Книга Афина - Джон Бэнвилл
Шрифт:
Интервал:
Закладка:
Были и другие призраки. Помню… Господи, иногда я не нахожу слов. Помню один непогожий вечер где-то в начале ноября, когда уже вернулись настоящие осенние бури. Дом весь, до самых глубин, содрогался под ударами ветра, и казалось, будто снаружи, в промытом, серо-стальном воздухе, весело взлетают и падают цилиндры, парики, вывороченные зонты. В такую погоду я всегда задумываюсь о далеком прошлом, как будто мое детство состояло из одних нескончаемых непогожих сумерек. Мы находились в продуваемой сквозняками ванной комнате, выходящей на площадку между этажами — единственной на весь дом, где работал водопровод и имелся унитаз со сливом.

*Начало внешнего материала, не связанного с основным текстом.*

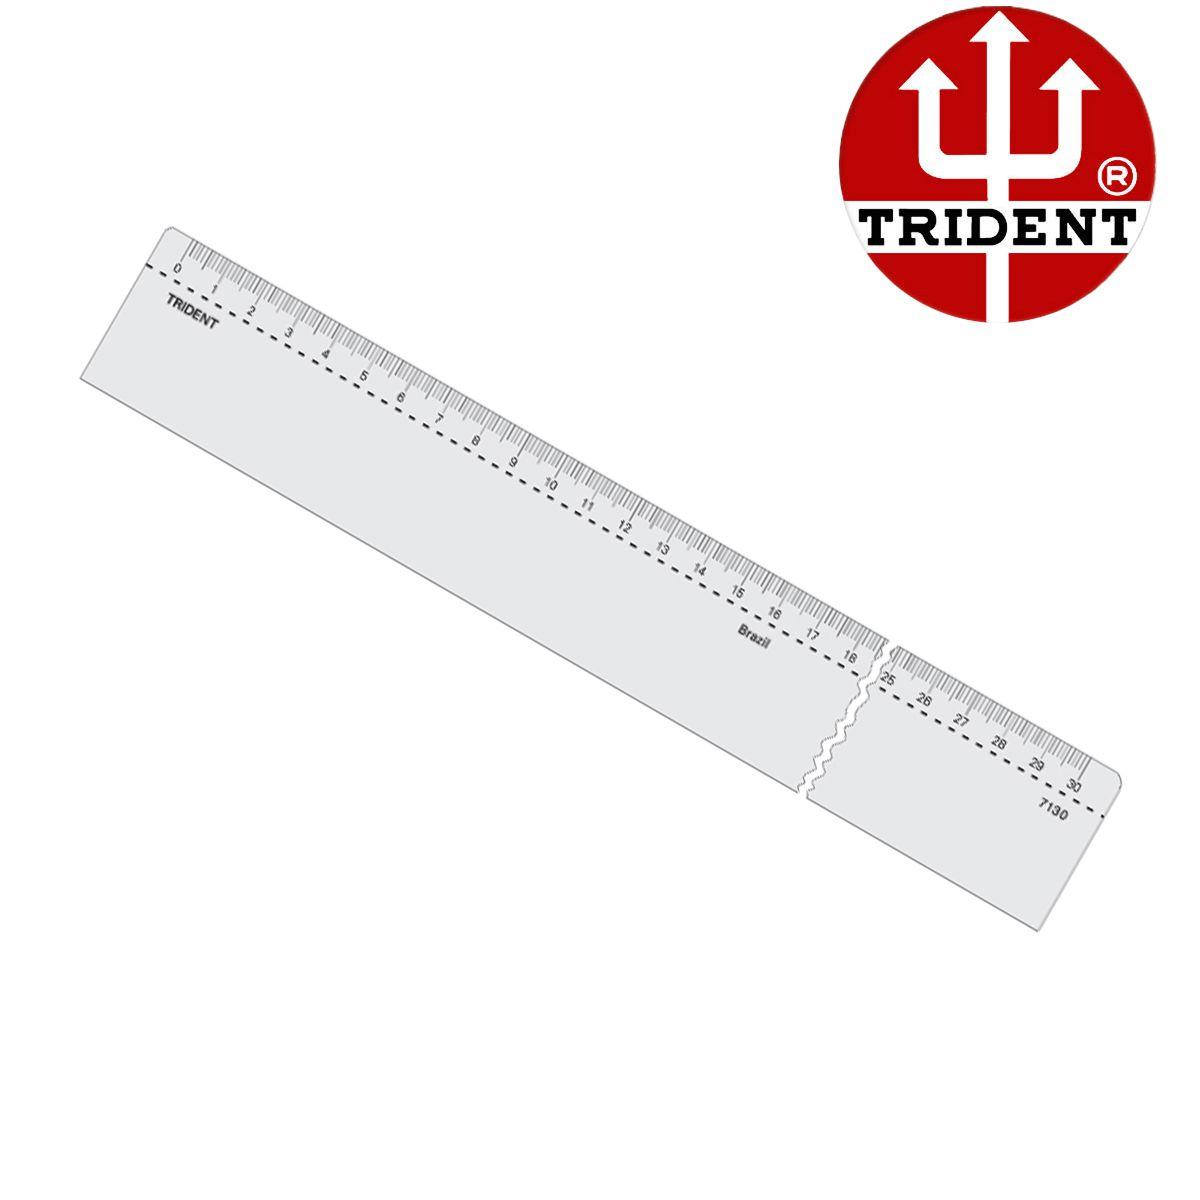 Régua de Acrílico Trident 40cm  Ref.7140

Трубы гудели, линолеум вспучился, газ в колонке над ванной время от времени ни с того ни с сего, тихо, зловеще фукнув, гас. Ветер, вздыхая, проникал через щелястую оконную раму, в замочную скважину, из-под пола, и в воздухе колыхался пар, сгущаясь ближе к потолку, пронизанный восковыми лучами от голой лампочки, висевшей там, наверно, с тех самых пор, когда на Рю-стрит только провели электричество. Я мыл А. голову; нам нравились такие игры в семейную жизнь. А. в одной комбинации стояла, наклонившись над старой, выщербленной раковиной, изо всех сил побелевшими пальцами держась за края. Как сейчас вижу ее там: розовые уши, темная запятая мокрых волосков на шее, бледная кожа, плотно обтягивающая сложную конструкцию плеч, скользкая шелковистая спина, рассеченная пополам пунктирной линией позвонков. Она любила, чтобы ей мыли голову, говорила, что ей от этого щекотно и приятно. Она ежилась и жалась и переступала с ноги на ногу, пищала, негодуя, и вся передергивалась от удовольствия. А я, сжав зубы, стоял в неудобной позе, наклоняясь над нею. И вдруг мне представился мой сын. Наверно, это ее мокрая голова у меня под пальцами вызвала в памяти его образ. Ему я тоже мыл голову, вот так же неудобно наклоняясь над ним непогожими вечерами, давным-давно, когда он был ребенком, а я еще был его отцом. Должно быть, мои ладони помнили форму его черепа, хрупкого и нежного, как птичье яйцо, и углубления на висках, словно вдавленные моими пальцами, и выпуклый затылок, где волосы всегда были свалявшимися от подушки. Я зажмурил глаза, во мне поднялась волна горечи, невыносимо жгучей желчи, и я, закачавшись, вынужден был присесть на край ванны.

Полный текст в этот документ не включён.